小さめの製氷皿なら早く固まりやすく、厚みのあるトレーでは時間がかかります。
朝に飲みたい場合は前日の夜に仕込む流れが扱いやすいです。
ブラックのまま飲めますか?
飲めますが、氷コーヒーは牛乳で溶かす前提の濃さにすると、ブラックでは強く感じる場合があります。
ブラックで使うなら、水やアイスコーヒーに数粒入れて、溶けても薄まらない氷として使うのがおすすめです。
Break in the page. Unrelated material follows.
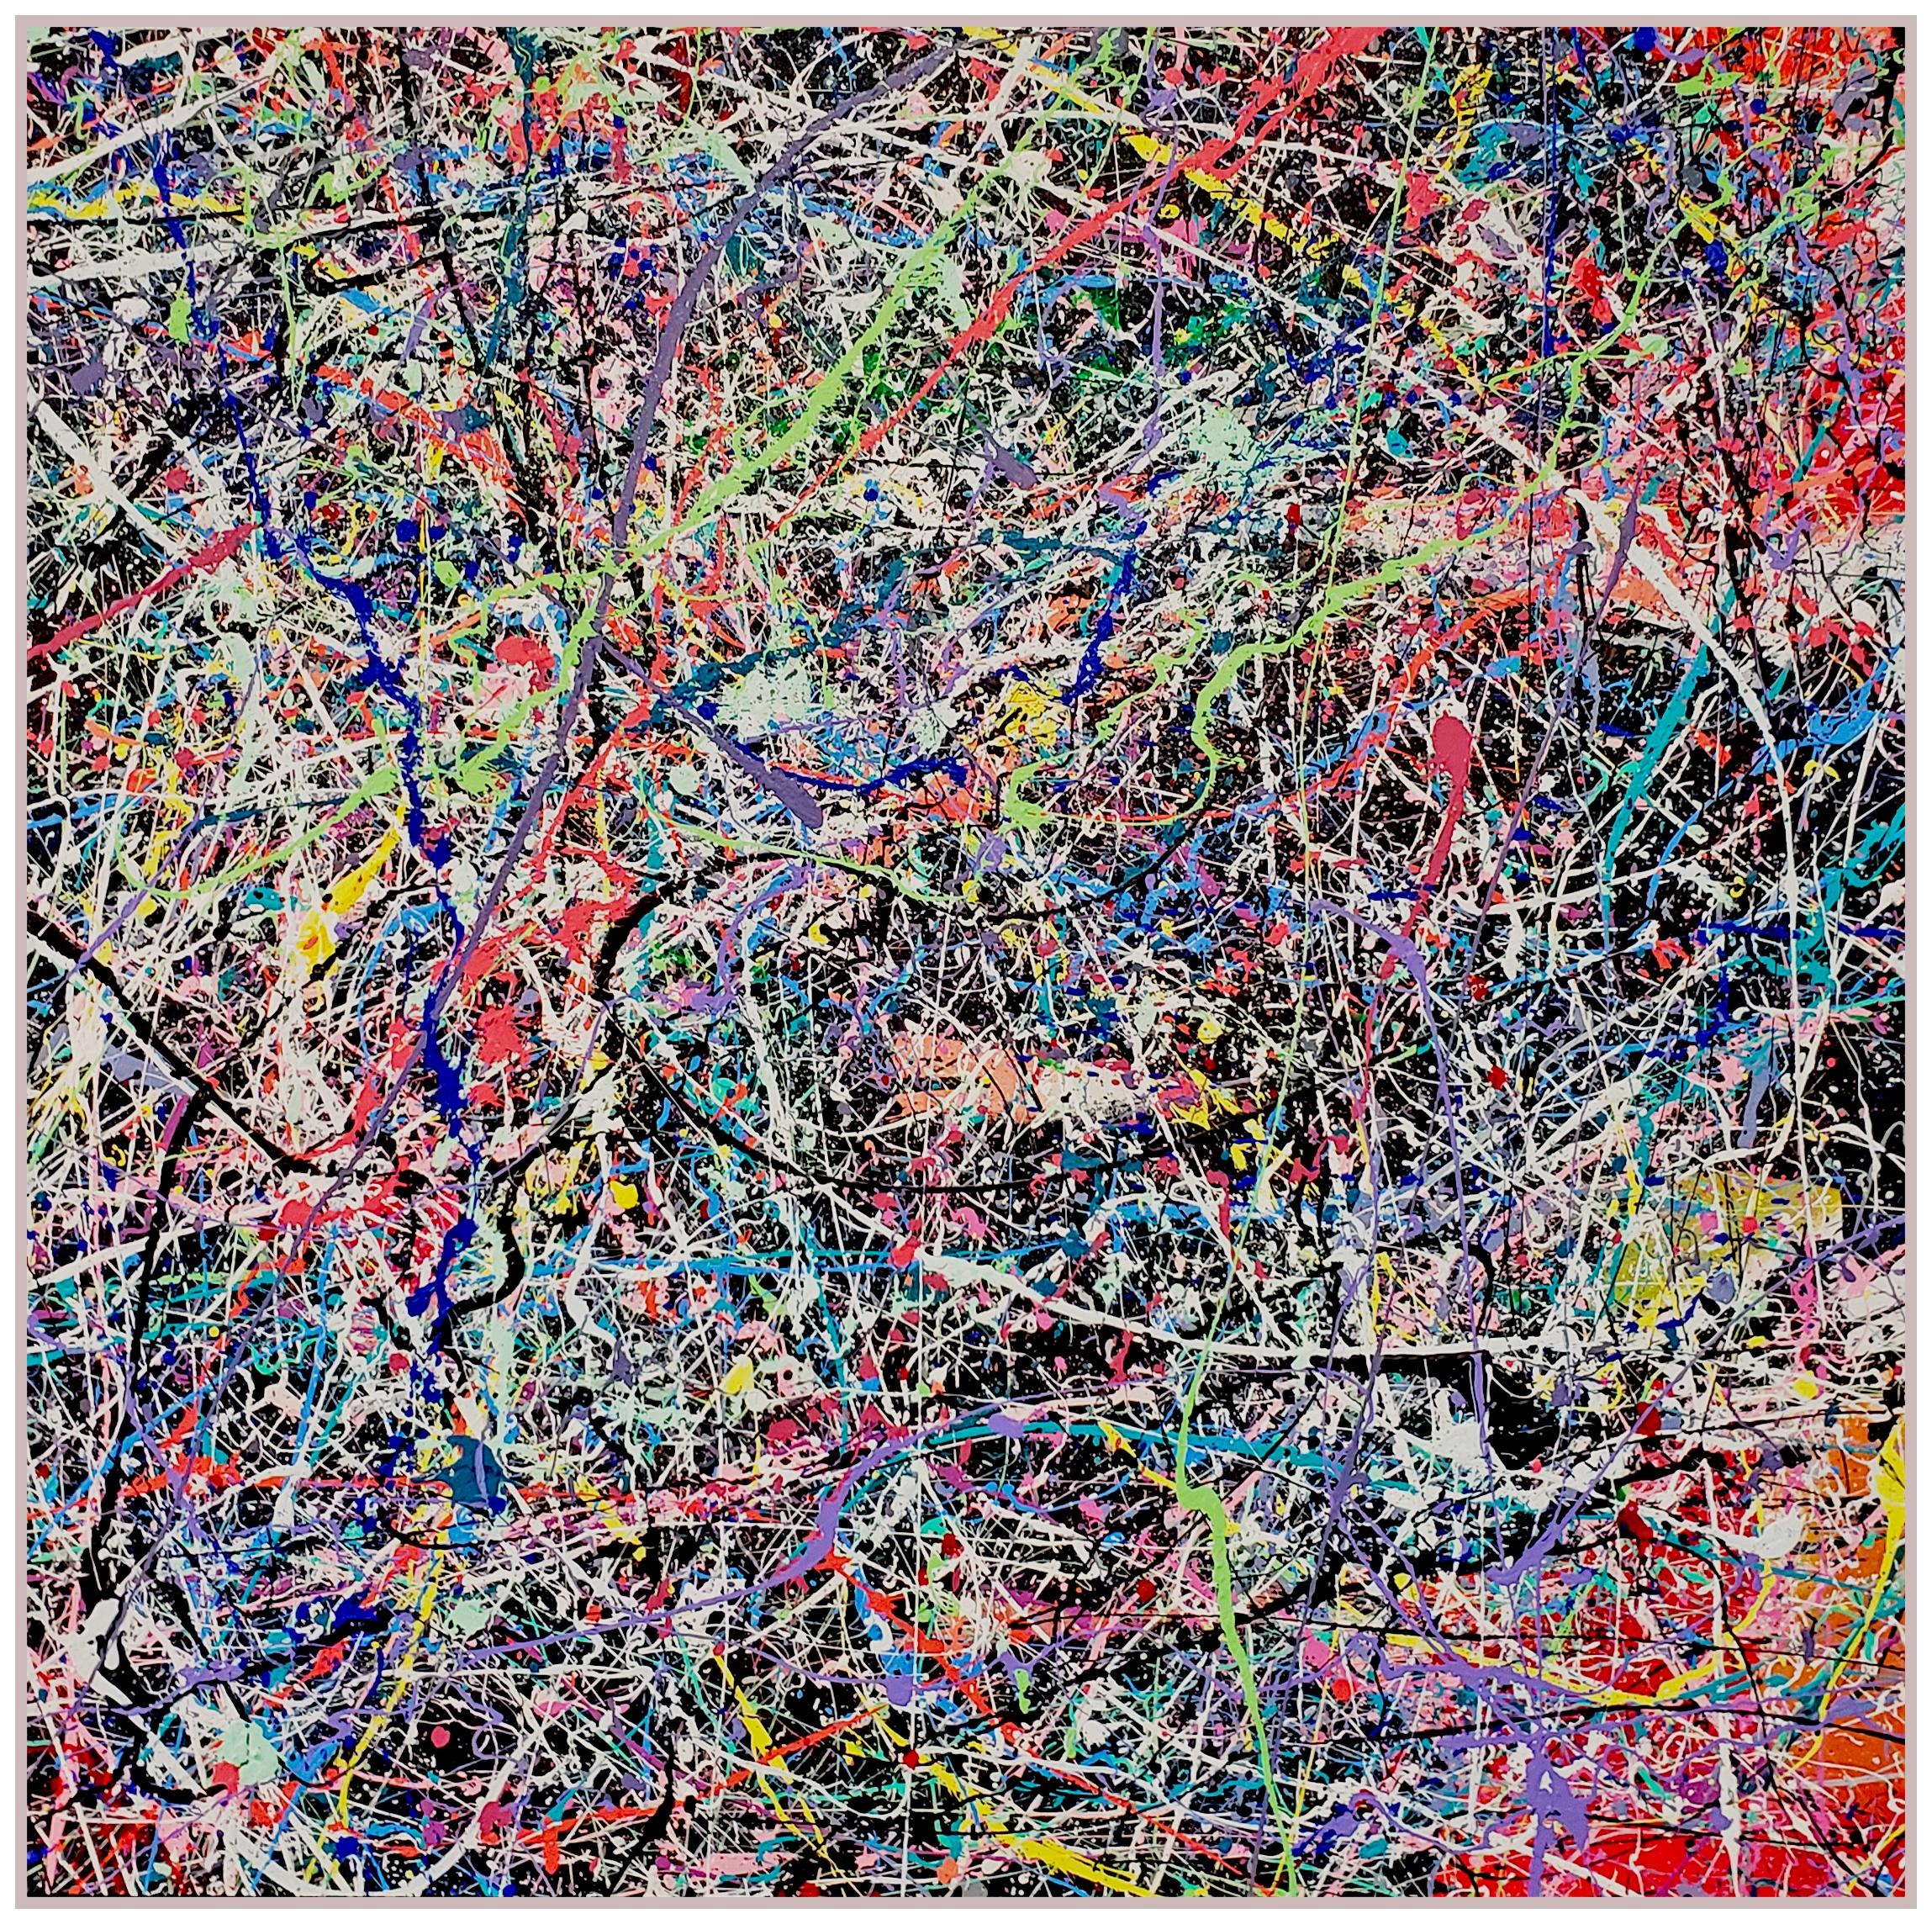 "Winter Paradise #23, 2019, acrylic on canvas, 48"" x 48"" (122 x 122 cm)"

牛乳用とブラック用で濃さを分けると、どちらも失敗しにくくなります。
作った氷コーヒーは何日以内に飲むべきですか?
家庭では保存状態によって変わるため、厳密に何日とは断定できません。 風味を重視するなら、作った日付を控えて早めに使い切るのが無難です。
ふた付きの製氷皿や保存袋を使い、作った日付をメモしておきましょう。
におい移りや霜が気になる氷は使わない判断が安心です。
【まとめ】氷コーヒーの作り方は濃さで失敗を防ぐ
氷コーヒーは、コーヒーを氷結させて牛乳で溶かすだけの飲み方です。
それでも、濃さ、氷の大きさ、冷凍保存の3つを外すと失敗しやすくなります。 薄い、苦い、においが付く原因は、この3点に集まります。
- 牛乳で割る前提でコーヒー液を濃いめに作る
- 粗熱を取ってから清潔な製氷皿へ入れる
- 凍ったら保存袋や密閉容器に移す
- 牛乳は少なめに注ぎ、あとから濃さを調整する
- 風味のために日付を控えて早めに飲み切る
まずは、無糖の濃いアイスコーヒーを少量だけ凍らせて試してください。
味が薄ければ、次回はコーヒーを少し濃くします。 苦ければ、抽出を短めに調整してください。
この小さな調整だけで、自宅でも最後まで水っぽくならない氷コーヒーに近づきます。